Provided material:
───
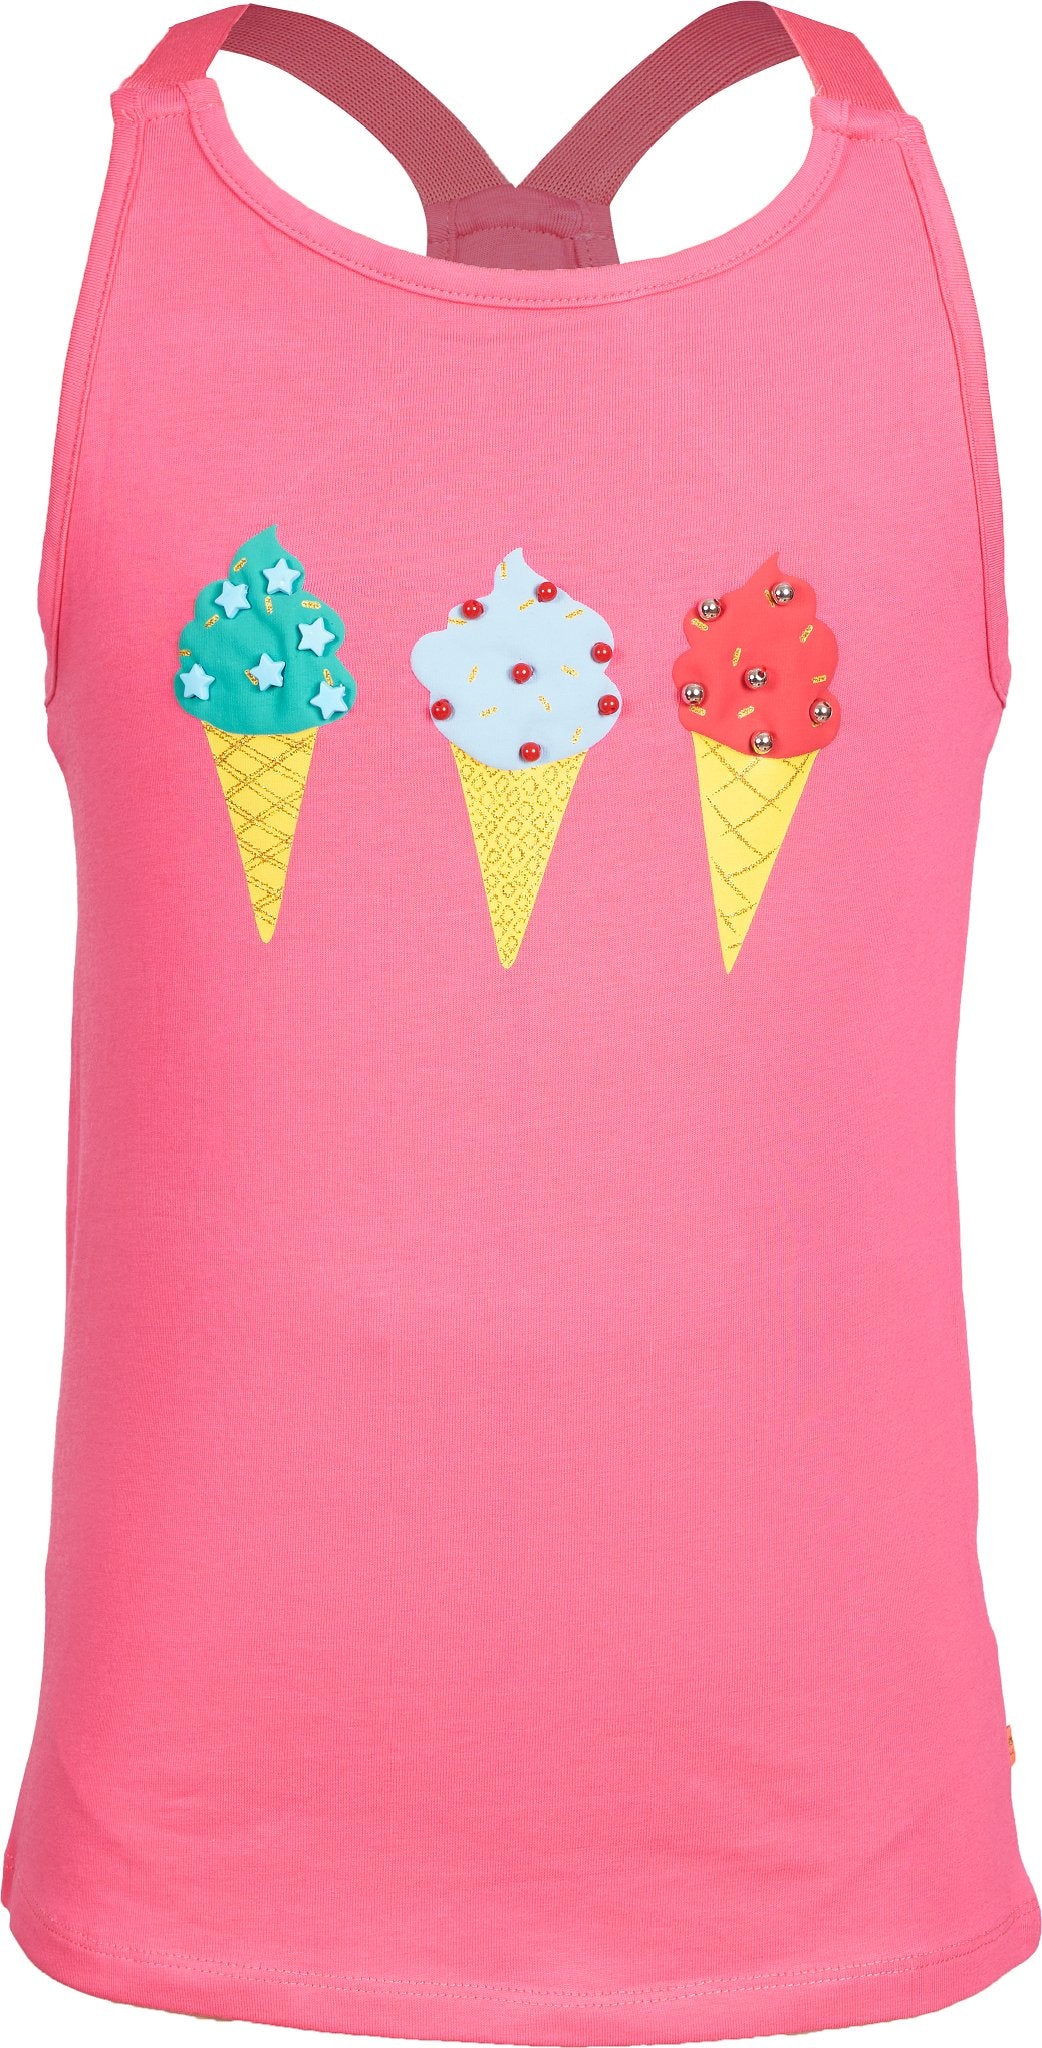 Meisjes Singlet icecream van Someone in de kleur Pink in maat 140.
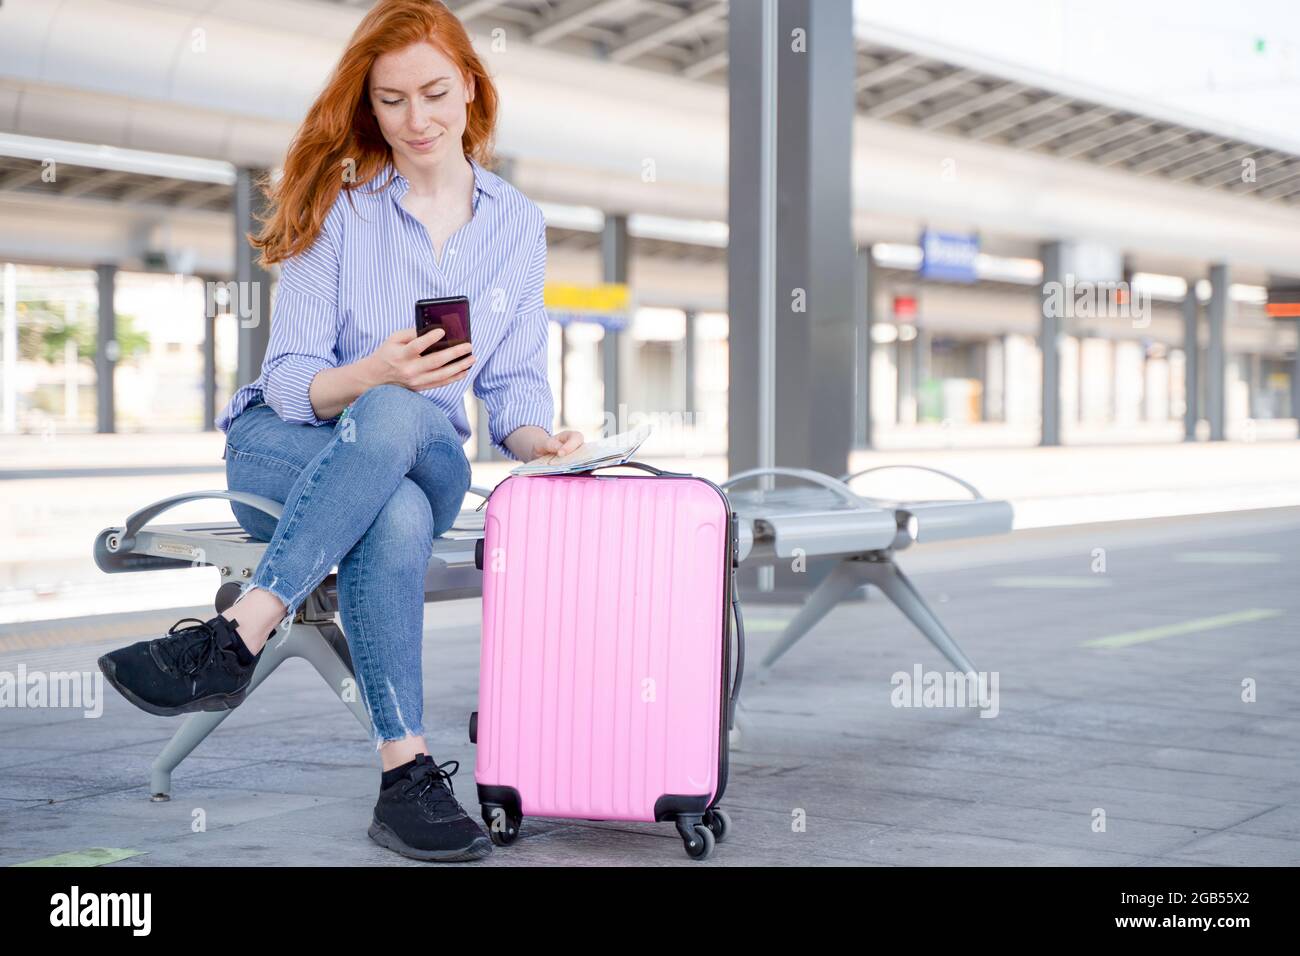 Mujer joven sosteniendo un teléfono móvil sentado en la plataforma de la estación de tren Foto de stock
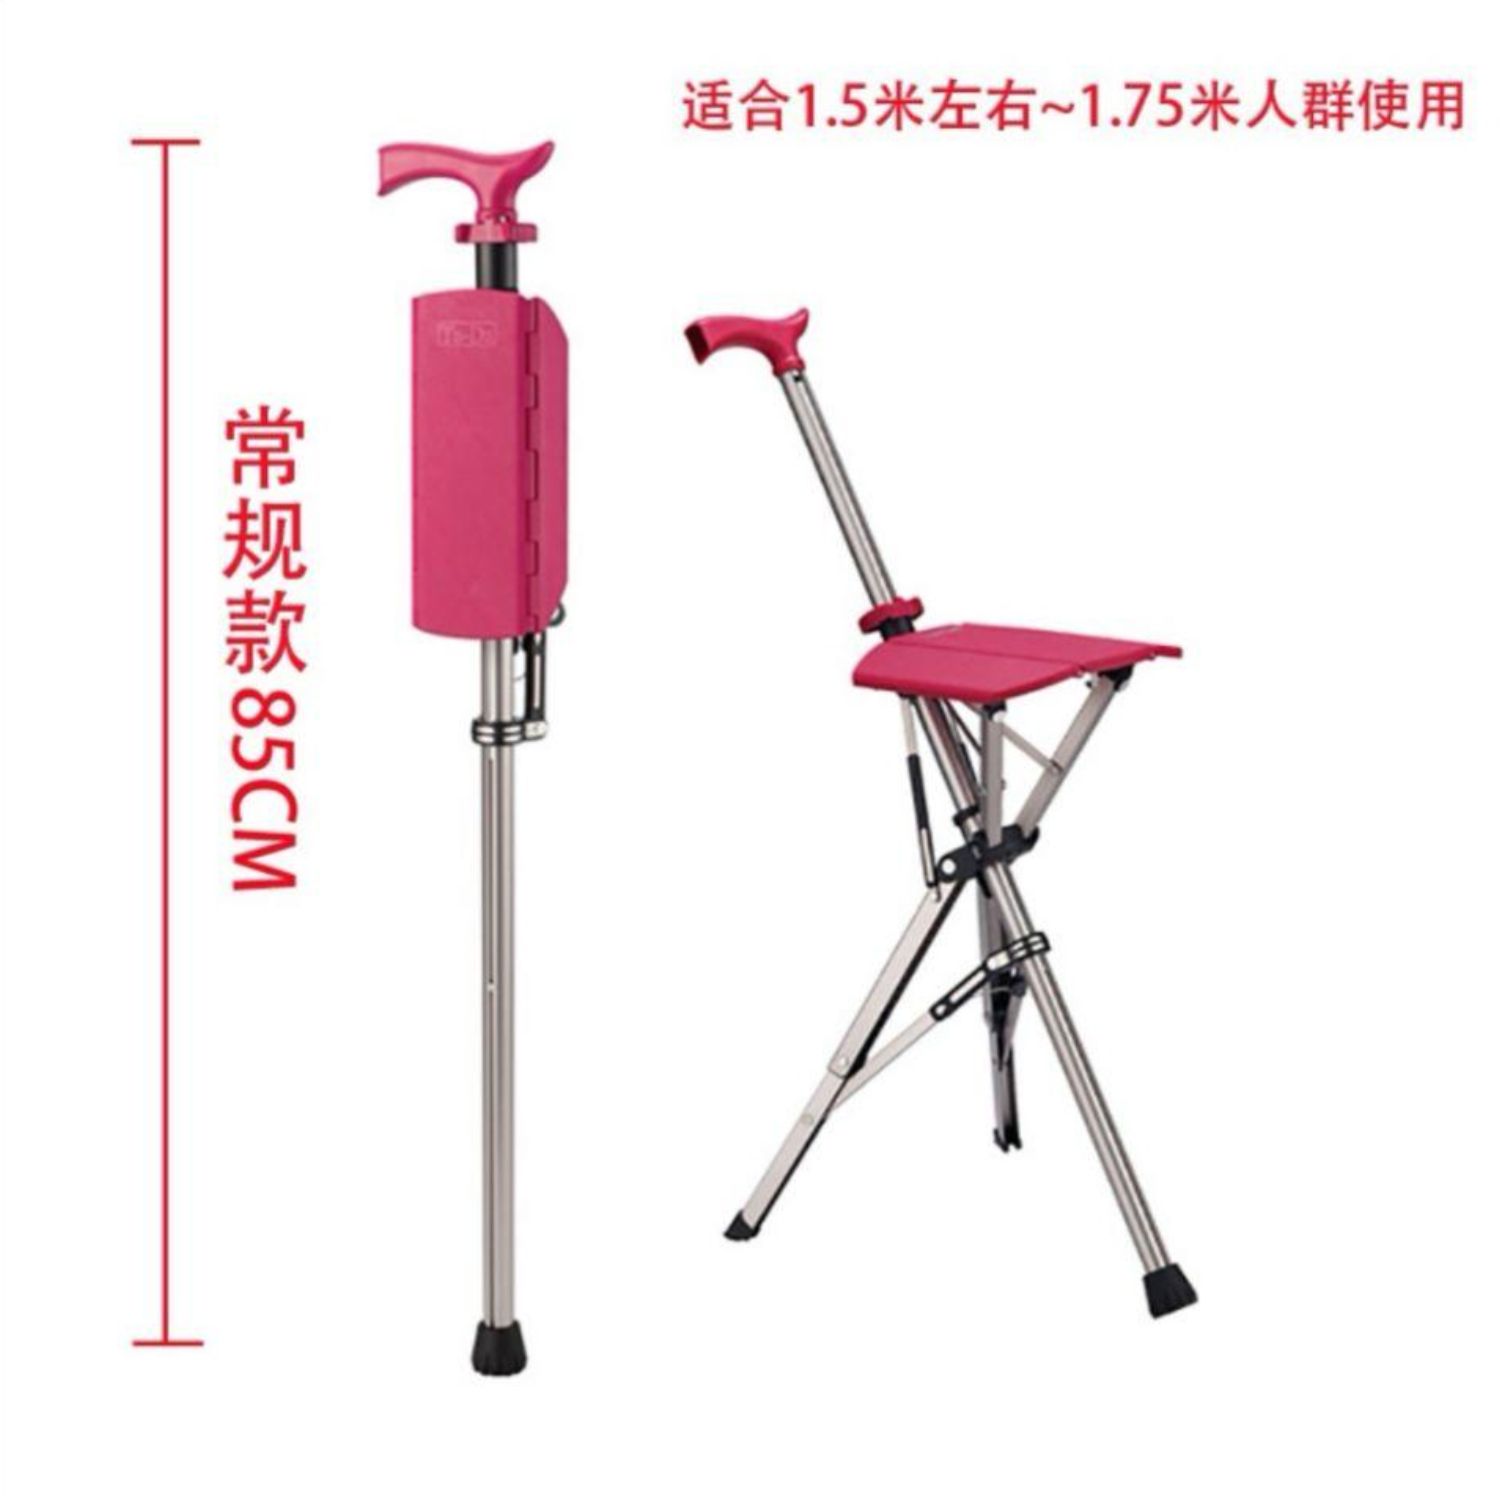 台湾ta-da折叠拐杖椅老年人手杖凳轻便携台达椅可坐防滑拐棍旅游 咖啡
───
Task details:
All of the material above should be copied exactly, minus the pictures.

The completed task:
 Meisjes Singlet icecream van Someone in de kleur Pink in maat 140.
 Mujer joven sosteniendo un teléfono móvil sentado en la plataforma de la estación de tren Foto de stock
 台湾ta-da折叠拐杖椅老年人手杖凳轻便携台达椅可坐防滑拐棍旅游 咖啡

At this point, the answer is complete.